Hivernage (/fr/, lit. 'Wintering') was the practice in the French Army of withdrawing sub-Saharan African colonial troops from colder theatres to overwinter in warmer climates. Such troops were first deployed to Morocco from 1908 and losses were experienced due to disease in colder weather. When the Senegalese Tirailleurs were deployed to France in 1914 for the First World War an informal hivernage system was implemented, with the troops withdrawn to southern France and northern Africa over winter. The system was formalised in 1915, at the instigation of black deputy Blaise Diagne, with the troops to be withdrawn between November and March. In some cases troops, particularly tirailleurs malgaches (from Madagascar), were able to remain in the field all year round.

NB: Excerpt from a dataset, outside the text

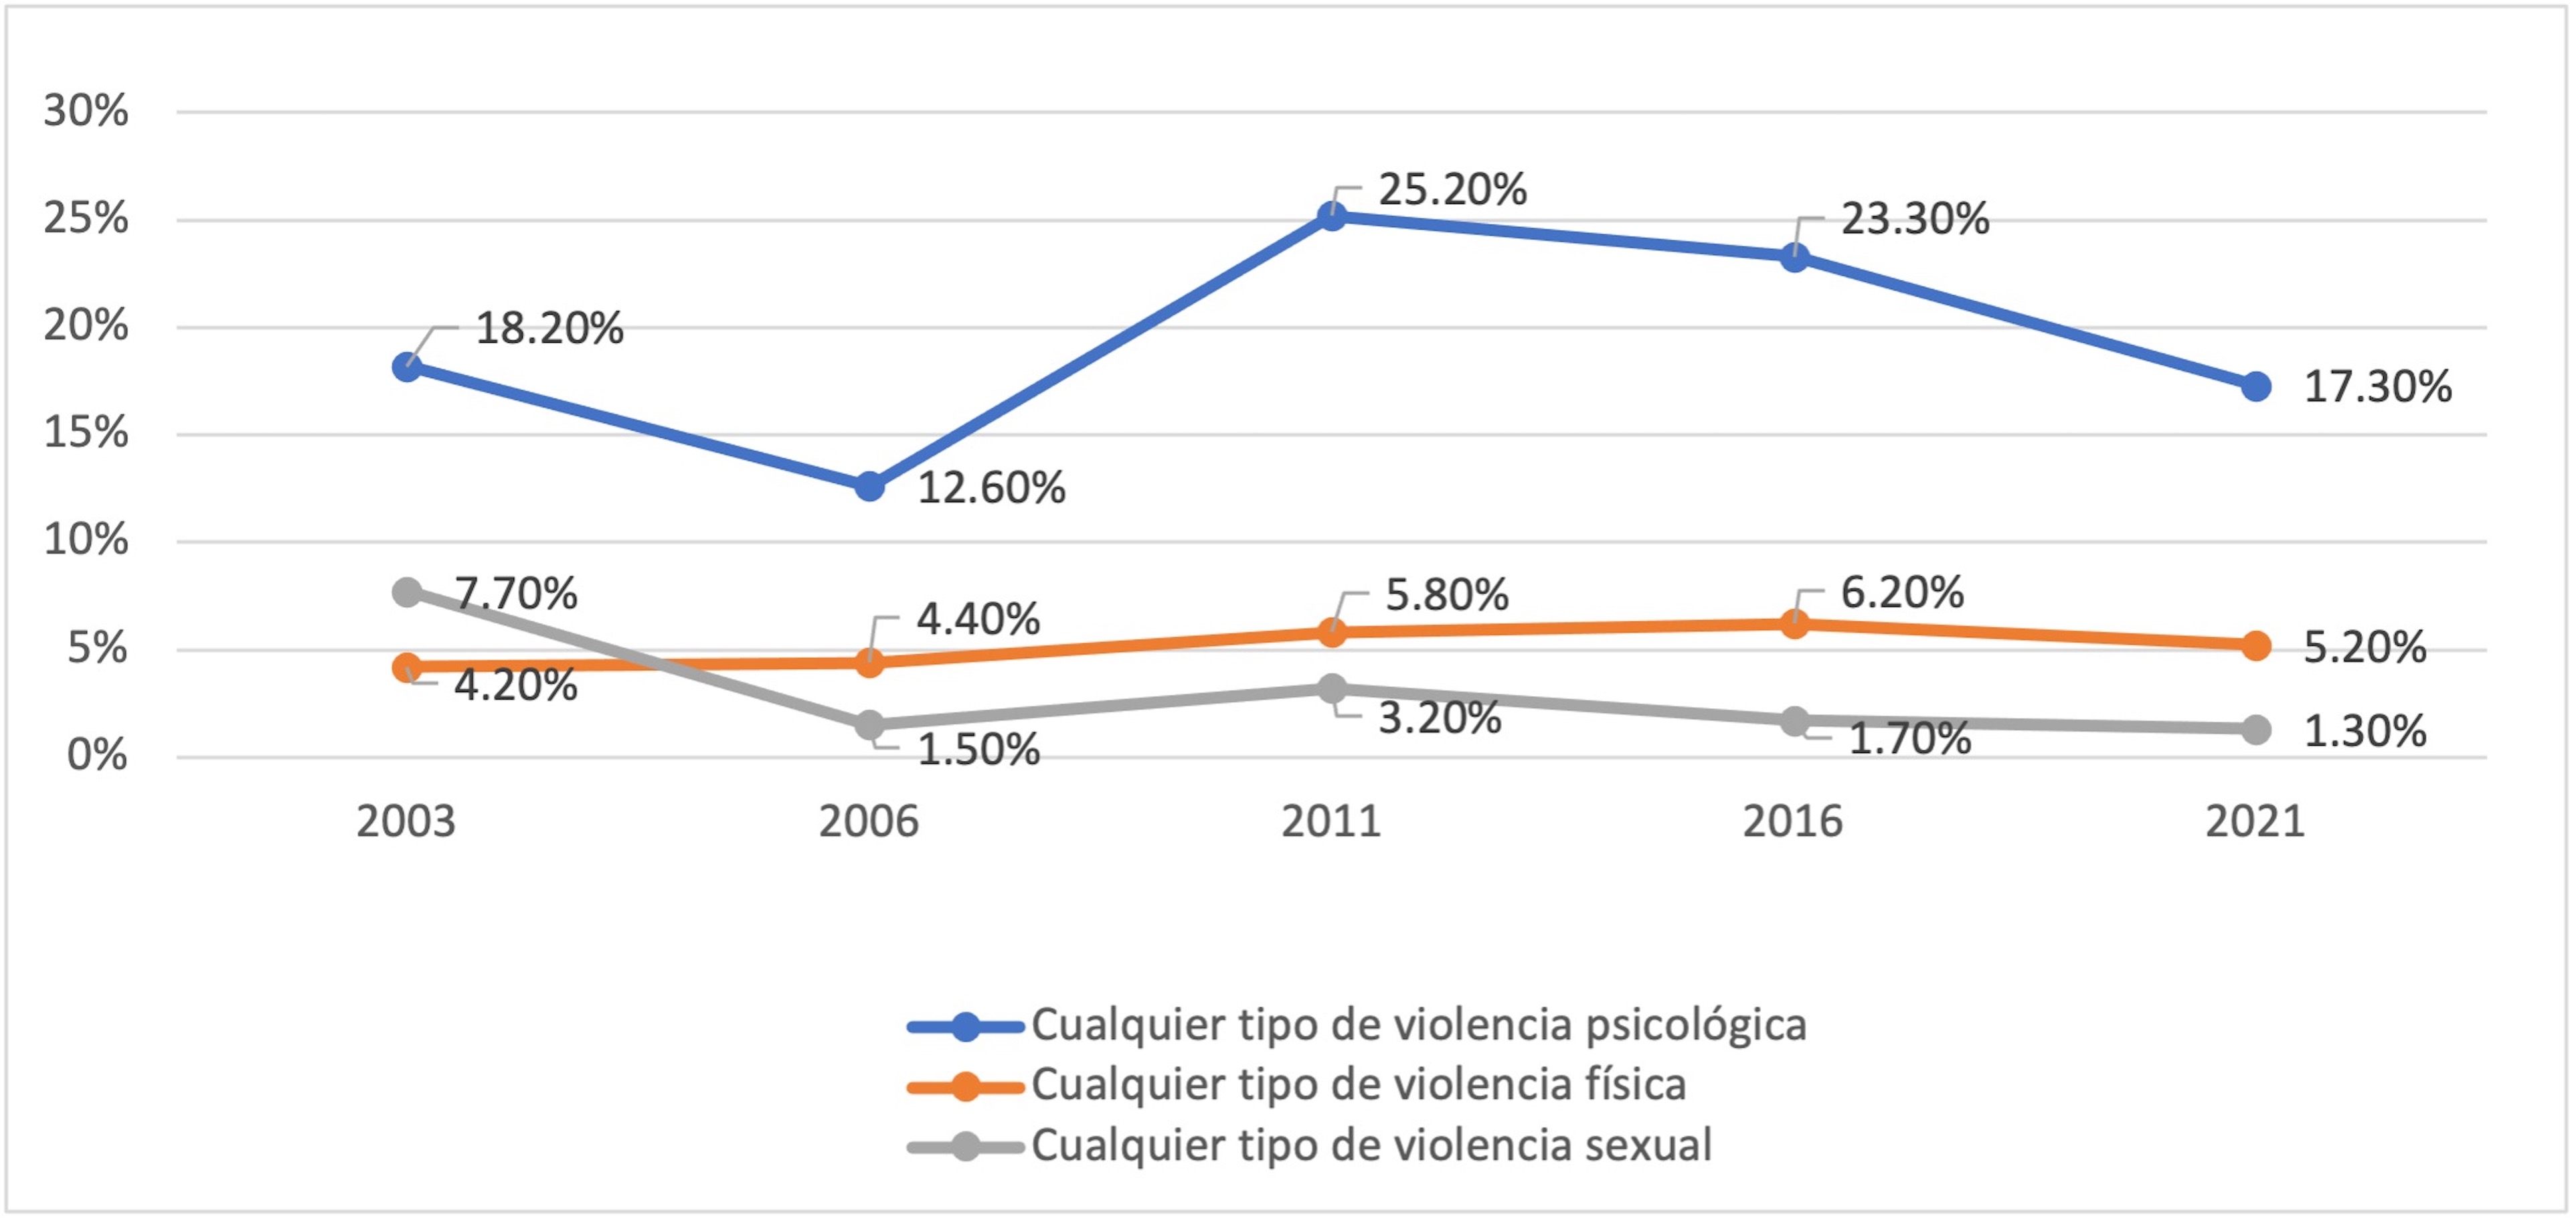 Prevalencia de violencia de pareja
reciente en las mujeres casadas o unidas de Chihuahua 2003-2021

Special camps and hospitals were established in the south of France to house the tirailleurs during the hivernage periods. The soldiers appreciated the respite, which they considered recompense for the lack of home leave, but were also required to undergo additional training in this period. The tirailleurs were able to mix with the local French population and left a positive impression. At Fréjus, a centre for hivernage, a memorial to the First World War tirailleurs was erected in 1994.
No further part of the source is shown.